English Section / 15 aprilie

Average US tariffs at highest level since 1938

Versiunea în limba română

US trade policy changes almost weekly, if not daily, according to an analysis by visualcapitalist.com, which notes that while Trump imposed heavy reciprocal tariffs on about 100 countries last week, on April 9 he announced a 90-day break for countries that did not retaliate. The general 10% tariff on US imports, however, remains in place.

In 2025, the average US import tariff rose to 14.5% - the highest level in almost 90 years, more precisely since 1938, according to the analysis, which presents these averages throughout history, based on data provided by the Tax Foundation. By comparison, in 2024, the average U.S. tariff rate was 2.5%, slightly lower than that of the European Union, China, and several other major economies around the world.

As trade tensions escalate, tariffs on China have risen to 125%, and China's tariffs on U.S. goods now stand at 84%. In response, market volatility has spiked, given the unpredictable nature of Trump's trade policy.

According to the source, in the late 19th century, in 1890, under the presidency of William McKinley, the average U.S. tariff rate was 29.6%. At that time, tariffs were used to protect American industry and raise government revenue, in a time when income taxes did not exist. As global trade liberalized after World War I, tariffs fell and the U.S. government introduced higher income taxes.

However, tariffs rose again in response to economic instability. In 1922, the Fordney-McCumber Act raised average tariffs to 15.2% to protect American manufacturers and farmers. During the Great Depression, the Smoot-Hawley Tariff Act of 1930 raised tariffs even higher-to 19.8%-in an effort to protect jobs and domestic industries.

In the following decades, tariffs fell amid multilateral trade agreements aimed at eliminating trade barriers. Among the most important are the General Agreement on Tariffs and Trade of 1947 and the North American Free Trade Agreement of 1994, which virtually eliminated tariffs between the United States, Canada, and Mexico.

According to the cited source, in 1994, the average of customs duties imposed by the US was 3%, in 1995 - 2.5%, and in 1996 - 2.3%. In 2005, it dropped to 1.4%, in 2008 - to 1.2%, and in 2021 it reached 3% again. In 2022-2023 it was 2.8%, respectively 2.4%.

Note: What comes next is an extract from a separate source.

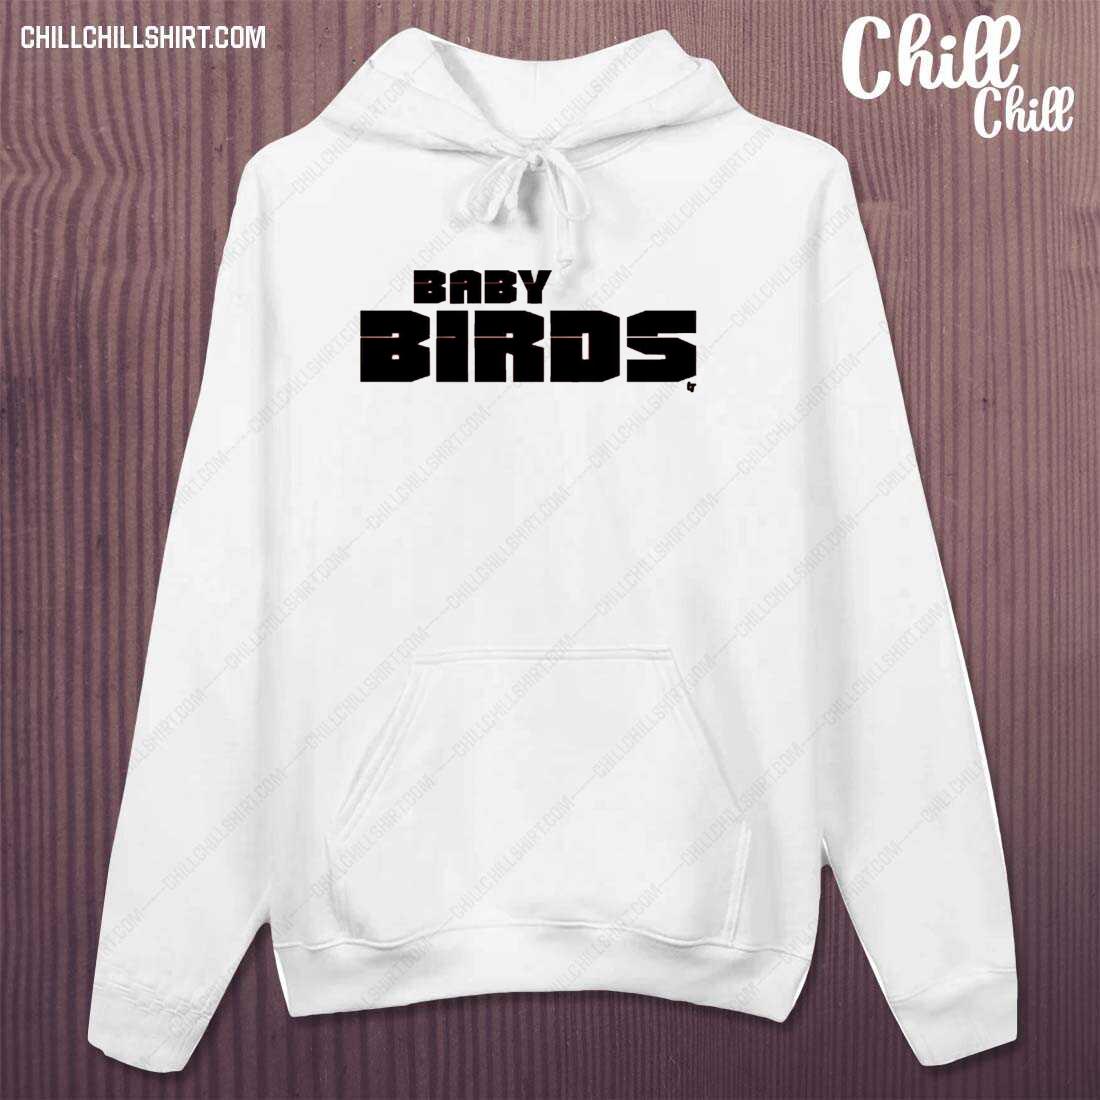 Nice baltimore Baseball Baby Birds T-s hoodie

IMF: "Trade tensions can lead to stock market crashes"

Major geopolitical risk events, including trade tensions, can trigger large corrections in stock prices, the International Monetary Fund (IMF) warned in a report published yesterday, Reuters reports, according to Agerpres.

In turn, these stock price corrections can threaten financial stability, the IMF said in a chapter published in advance of its upcoming Global Financial Stability Report.

The IMF did not specify which events it was referring to, such as the sweeping tariffs announced in recent weeks by US President Donald Trump. But it said risks such as conflict, war, terrorist attacks, military spending and trade restrictions have increased significantly after 2022.

In a separate blog post, the IMF urged financial institutions to hold sufficient capital and liquidity to help them withstand potential losses from geopolitical risks, and advised them to use stress tests and other analyses to identify and manage such risks.

In the report, the IMF points out that its analysis shows that high-risk events such as wars, diplomatic tensions or terrorism can lead to an average drop in stock prices of one percentage point each month, across all countries, and an average drop of 2.5 percentage points for emerging markets.

International military conflicts, such as the Russian invasion of Ukraine in 2022, are the events with the highest risks, leading to an average drop of five percentage points in stock returns each month, double the level of other geopolitical risk events.

The IMF also shows that economic uncertainty increases the risk of large and unexpected losses in investment portfolios, which in turn increases the risk of stock market crashes. Increased geopolitical risks can also lead to higher sovereign risk premia and could also be reflected in other economies through trade and financial links.

In a blog post, the IMF analyzed the impact of U.S. and Chinese tariff measures from 2018 to 2024, noting that some of the major announcements led to stock market declines in both countries.